What is being asked: Print every line of the material below exactly as it stands, but omit the pictures.

Data extract:
== Segment start ==

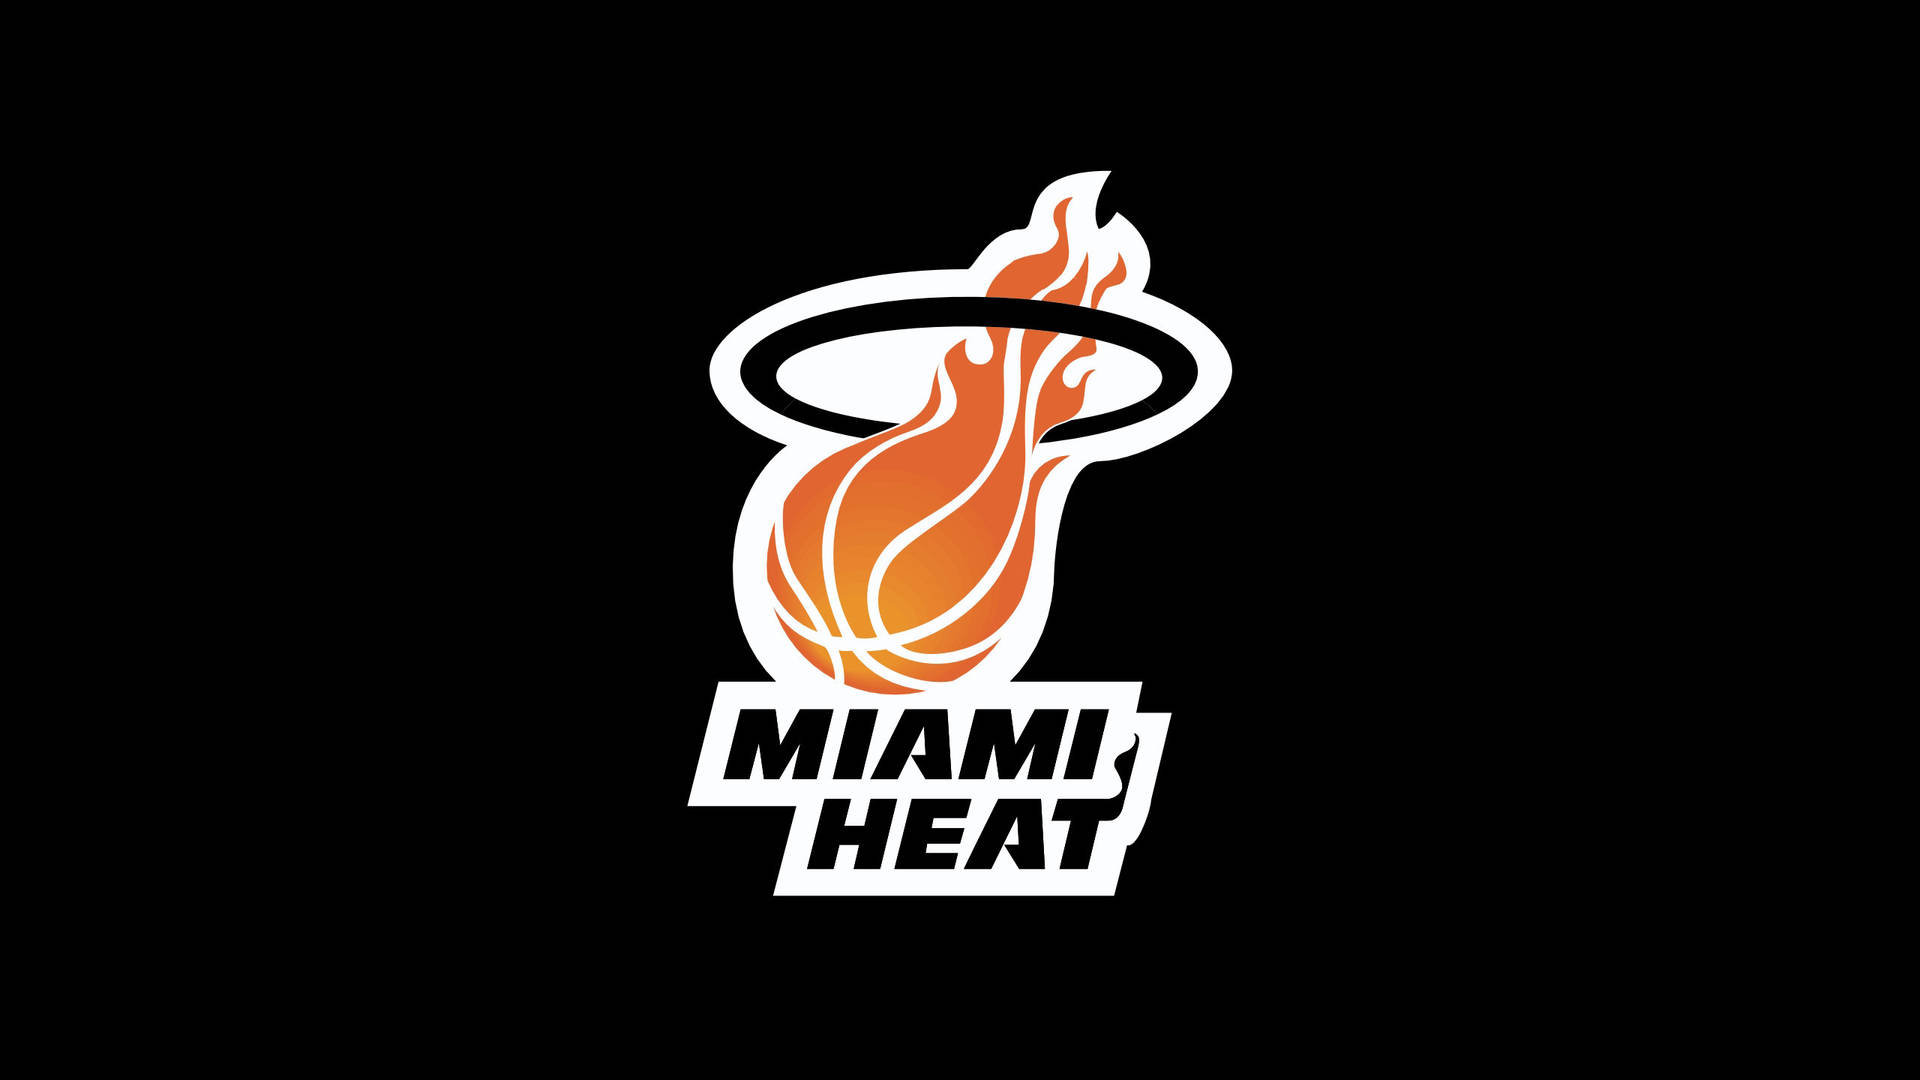 Miami Heat Poster Background
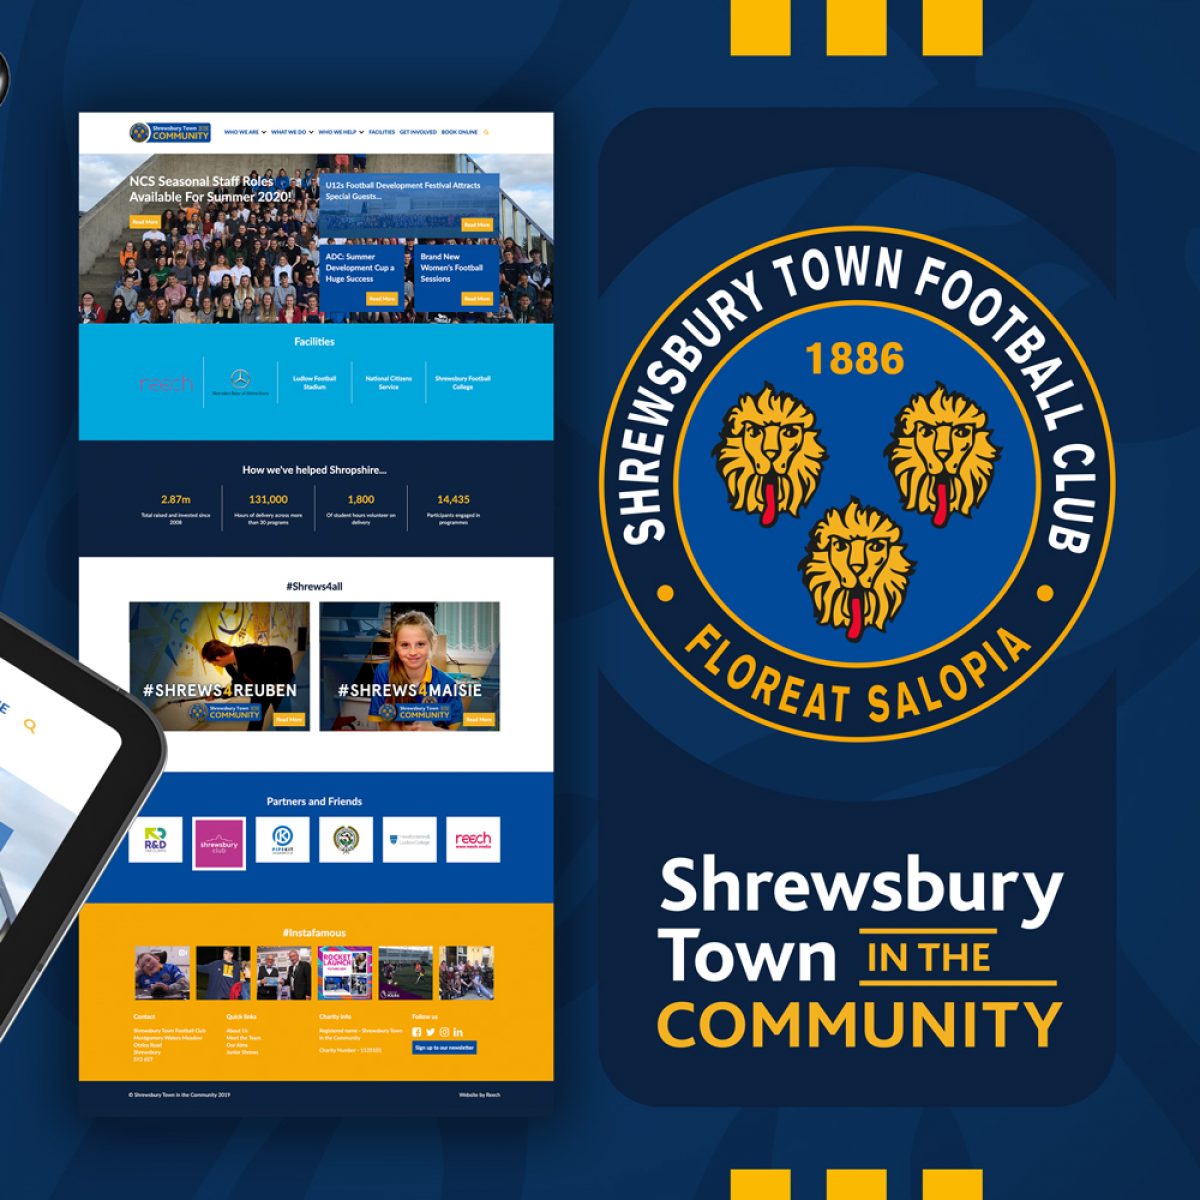 Shrewsbury Town in the Community
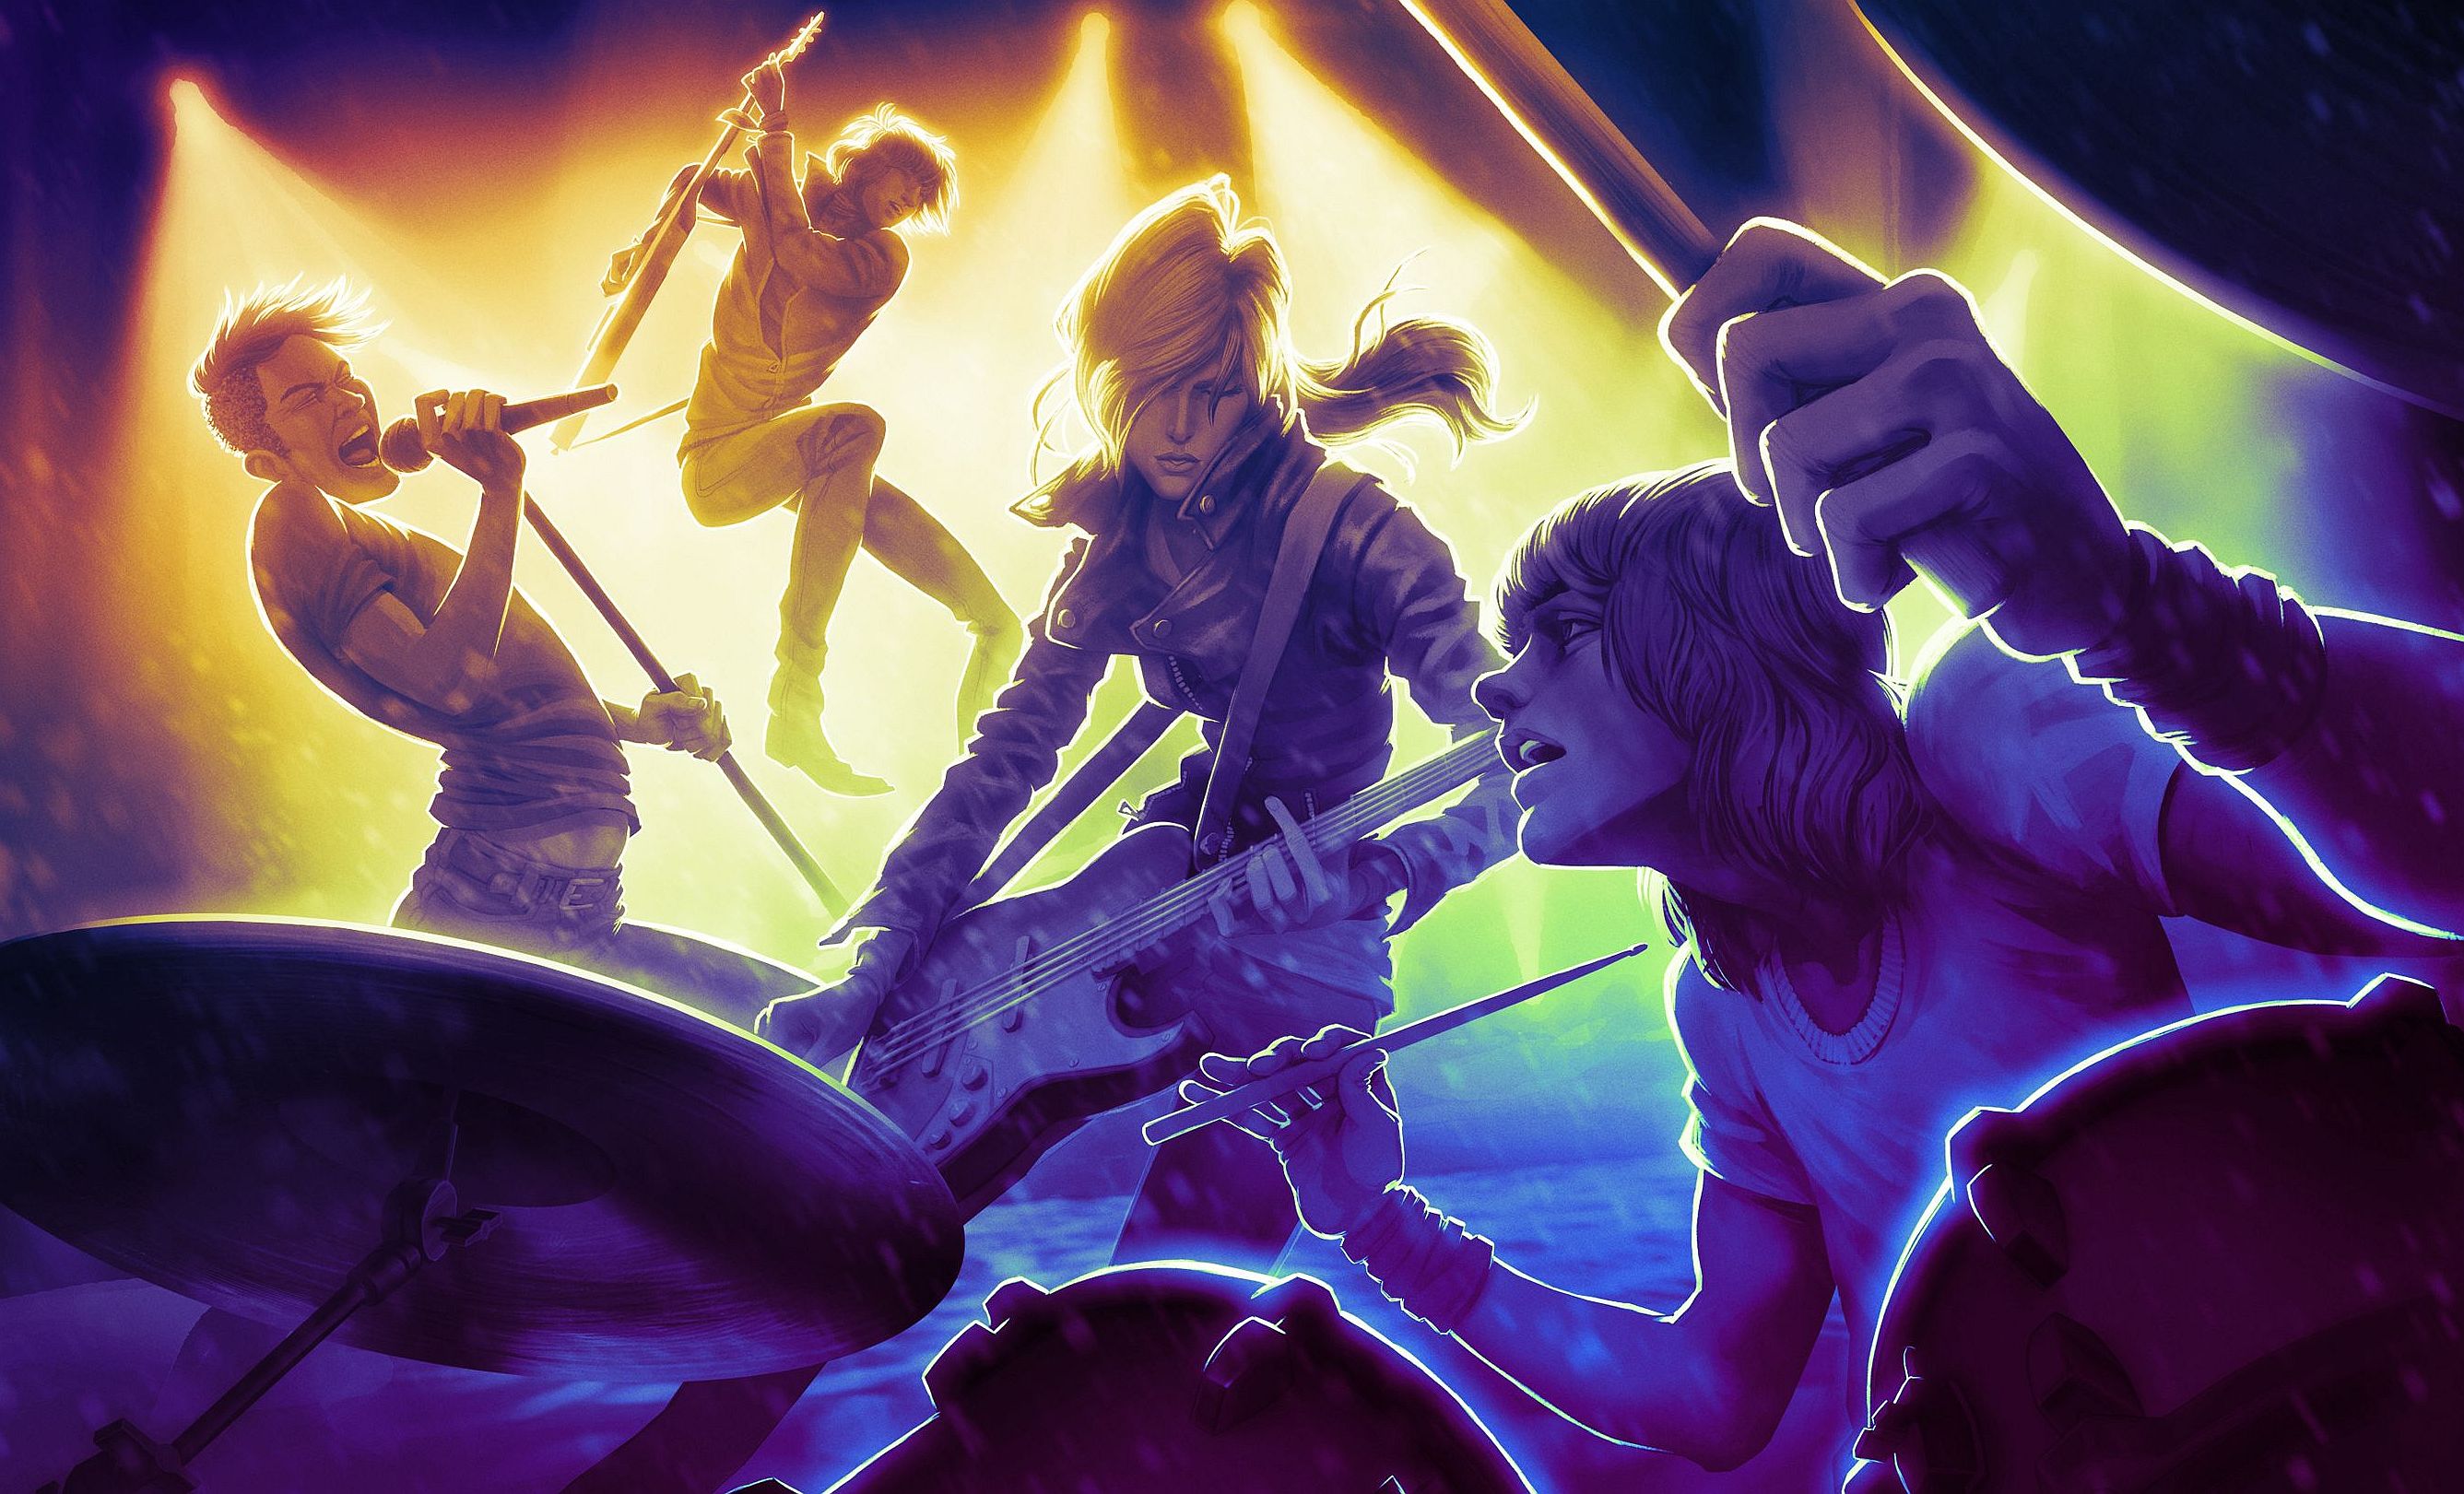 Image for Epic Games acquires Rock Band studio Harmonix

== Segment end ==

Exercise output:
 Miami Heat Poster Background
 Shrewsbury Town in the Community
 Image for Epic Games acquires Rock Band studio Harmonix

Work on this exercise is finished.